Because they were designed to contain the waste forms for thousands of years, the waste packages must reduce radiation levels at their surfaces so that radiolytically enhanced corrosion under aqueous conditions is negligible. The shielding analyses determined radiation exposure rates on the surface of the waste package and evaluated whether radiolytically induced corrosion would be a contributing factor to the overall degradation of the waste package. Shielding analyses were also performed on equipment to determine radiation exposure during the welding of the waste package closure lids. Various pieces of monitoring and control equipment, such as the welding heads and camera, would be close to radiation sources. The results of the shielding analyses will be used to quantify the shielding necessary for a piece of equipment to function properly at a given location for a required period of time. In emergency situations, which could occur during the transport of waste packages from the surface facilities to the emplacement drifts or during the emplacement of waste packages in the drifts, personnel may have to enter areas near waste packages. Shielding analyses provide an evaluation of the radiation environment surrounding the waste packages so that worker safety can be ensured.3.5.4.1 Source Term
Engineering calculations were performed to generate source terms, which are used to evaluate an upper limit for the surface dose rate of waste package.
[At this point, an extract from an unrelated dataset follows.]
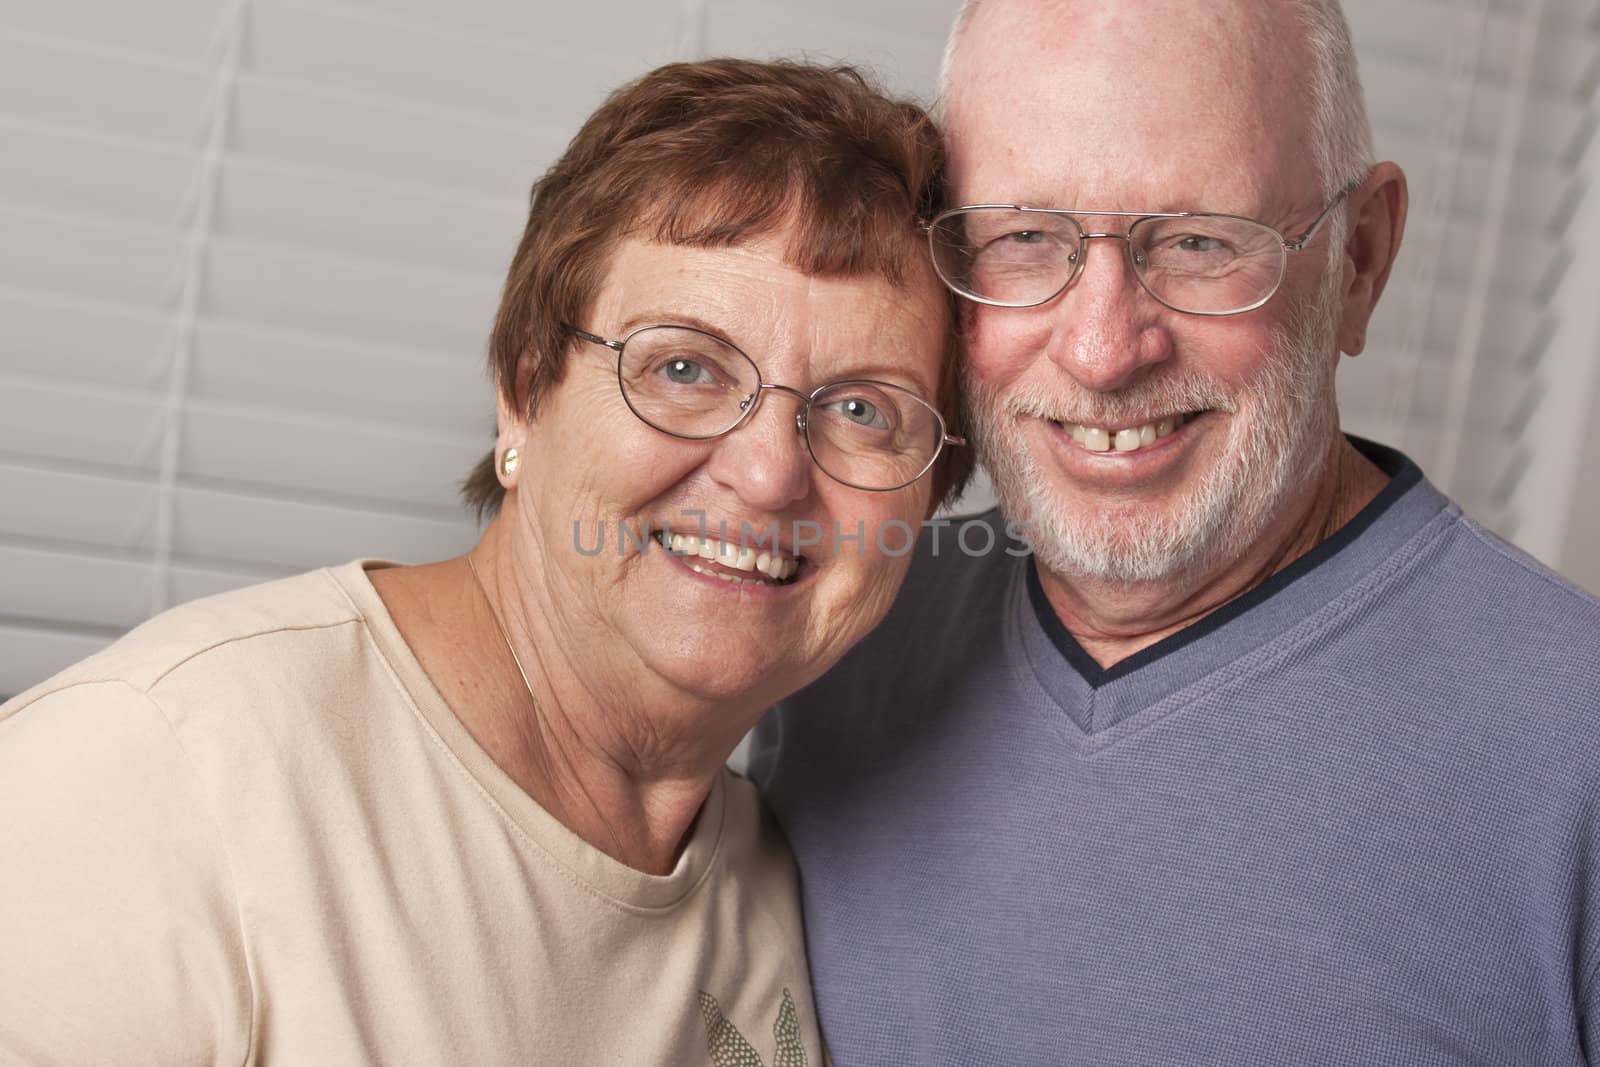 Affectionate Happy Senior Couple Portrait Indoors.

The source terms calculated for both pressurized water reactor and boiling water reactor spent nuclear fuel have the following characteristics: 5.5 percent (by weight) initial uranium-235, 75.0 GWd/MTU, and a 5-year decay time for the active fuel region; and 0.711 percent (by weight) initial uranium-235, 75.0 GWd/MTU burnup, and a 5-year decay time for the hardware regions of the assembly. The rationale for these assumptions is discussed in PWR Source Term Generation and Evaluation (CRWMS M&O 1999k) and BWR Source Term Generation and Evaluation (CRWMS M&O 1999l).
3.5.4.2 Results
The calculated maximum dose rate at the external surface of a 21-PWR Absorber Plate waste package is 1,130 rem/hr (+/-60 rem/hr) (CRWMS M&O 2000bl). The calculated maximum dose rate at the external surface of a 44-BWR waste package is 1,409 rem/hr (+/-32 rem/hr) (CRWMS M&O 2000bl, Section 6.2.3). Radiolytically enhanced corrosion is expected to be insignificant because the gamma dose on the surface of the waste package will not affect the corrosion properties of the waste package (see Sections 4.2.3.1.4 and 4.2.4.3.3).